Фейри удивленно распахнула глаза и посмотрела вокруг. Стены, потолок, мебель мало походили на то, что обещало священное знание ордена.

– Это обыкновенный дом. Что в нем истинного?

– Что делает истину истиной? – усмехнулся Морл.

– Тайна, – не задумываясь сказала Фейри, села на полу и тряхнула волосами.

– Вот как. Какая же тайна тебе нужна? Их много.

– Та, что дает могущество и власть над мирозданием.

– Насколько мне известно, существует две таких тайны, – соткровенничал Морл. – Которая из них?

Тайна «опекунов» и тайна молельного дома. Первая отдала ему во владение весь мир. Вторая, возможно, убьет. Потому что он не смог убить ее. Но, может быть, еще не поздно попытаться вновь.

Однако он не мог сказать, которая из двух тайн сильнее и способна дать больше могущества. Его сожженные руки ничего не значили. Морл и сам легко проделывал такие фокусы – огонь был послушен ему.

Фейри растерялась.

– Две? Какую же выбрать?

– Наверное, ту, которую выбрал я? – подсказал Морл.

– Наверно, – согласилась девушка. – Ты был там?

– Где?

– В абсолютной реальности.

– Был. Один раз. Двадцать лет назад.

– Меня тогда еще на свете не было. Как она выглядит? Ой, – сказала она, поглядев на черные очки слепого.

– Никак не выглядит. Чтобы увидеть это, человеческое зрение не нужно. Так ты хочешь туда?

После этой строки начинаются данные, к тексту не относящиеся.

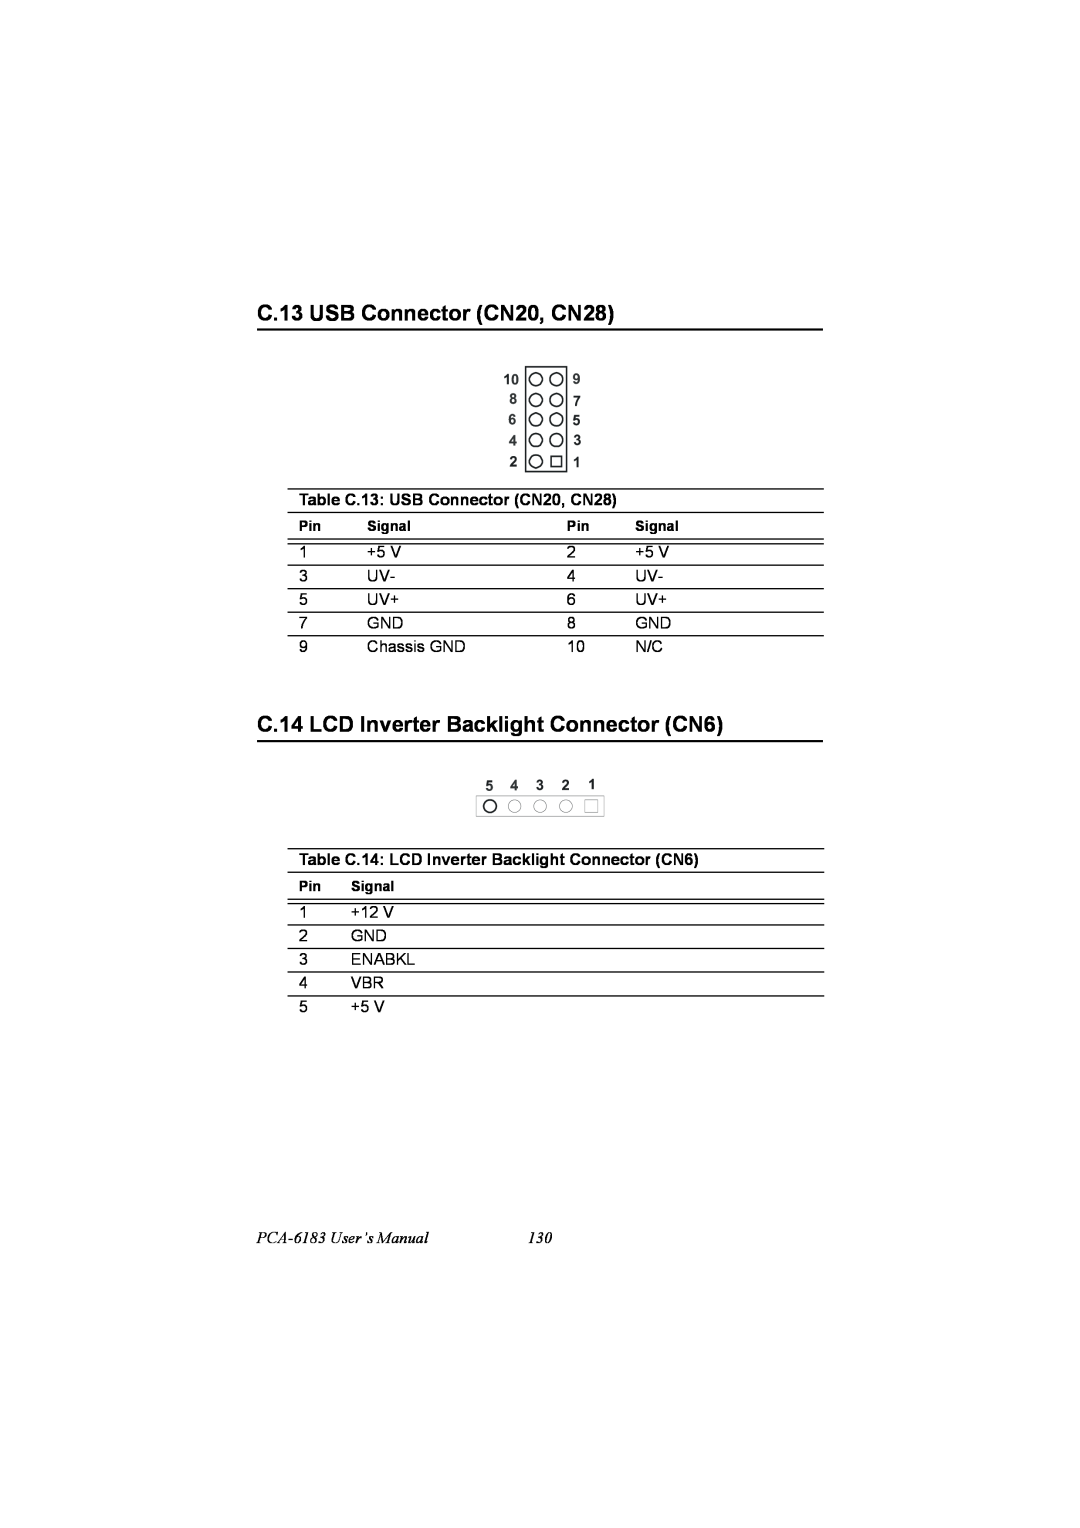 IBM PCM-9575 C.14 LCD Inverter Backlight Connector CN6, Table C.13 USB Connector CN20, CN28, PCA-6183 User’s Manual

– Угу, – кивнула честолюбивая гордячка и спецагентка. – Хочу. Отправь меня туда.

Морл покачал головой.

– Не сейчас. Когда-нибудь.

– Когда? – настаивала Фейри.

– Ты подскажешь мне, когда придет время. Рано или поздно оно обязательно придет. И скорее рано, чем поздно… Сейчас можешь идти. Сегодня ты мне больше не нужна.

Сказав это, Морл снова отстранился от внешних звуков и движений, оцепенев телом и раскрыв ворота далекой памяти. Он не слышал, как возилась со своей одеждой девушка, как на дрожащих ногах шла к дверям и как пыхтел над ней в коридоре толстяк, поднимая ее, когда она упала, обессиленная им, Морлом. Он забрал у нее совсем мало. Какое-то время она еще сможет немного подкармливать его собой. Но, конечно, как он и думал, девушка проигрывала сравнение с электронным пианино. Живое так быстро истощается…

Меж тем память снова дарила возвращение в абсолютную реальность, куда он тщетно стремился все эти годы. Он побывал там единожды, в то самое время, когда рождался его сын, а вокруг стояли «опекуны» и в воздухе висели чужие, непонятные слова нечеловеческого языка. Его сын должен был пойти за ним в абсолютную реальность и, в отличие от него, остаться там навсегда. Морл не отдал его, обменяв на дюжину никчемных «опекунских» жизней.

Он хотел вернуться туда и остаться насовсем. Но отзвуки той реальности, жившие в нем, говорили, что он должен быть в мире людей, пока тот еще существует.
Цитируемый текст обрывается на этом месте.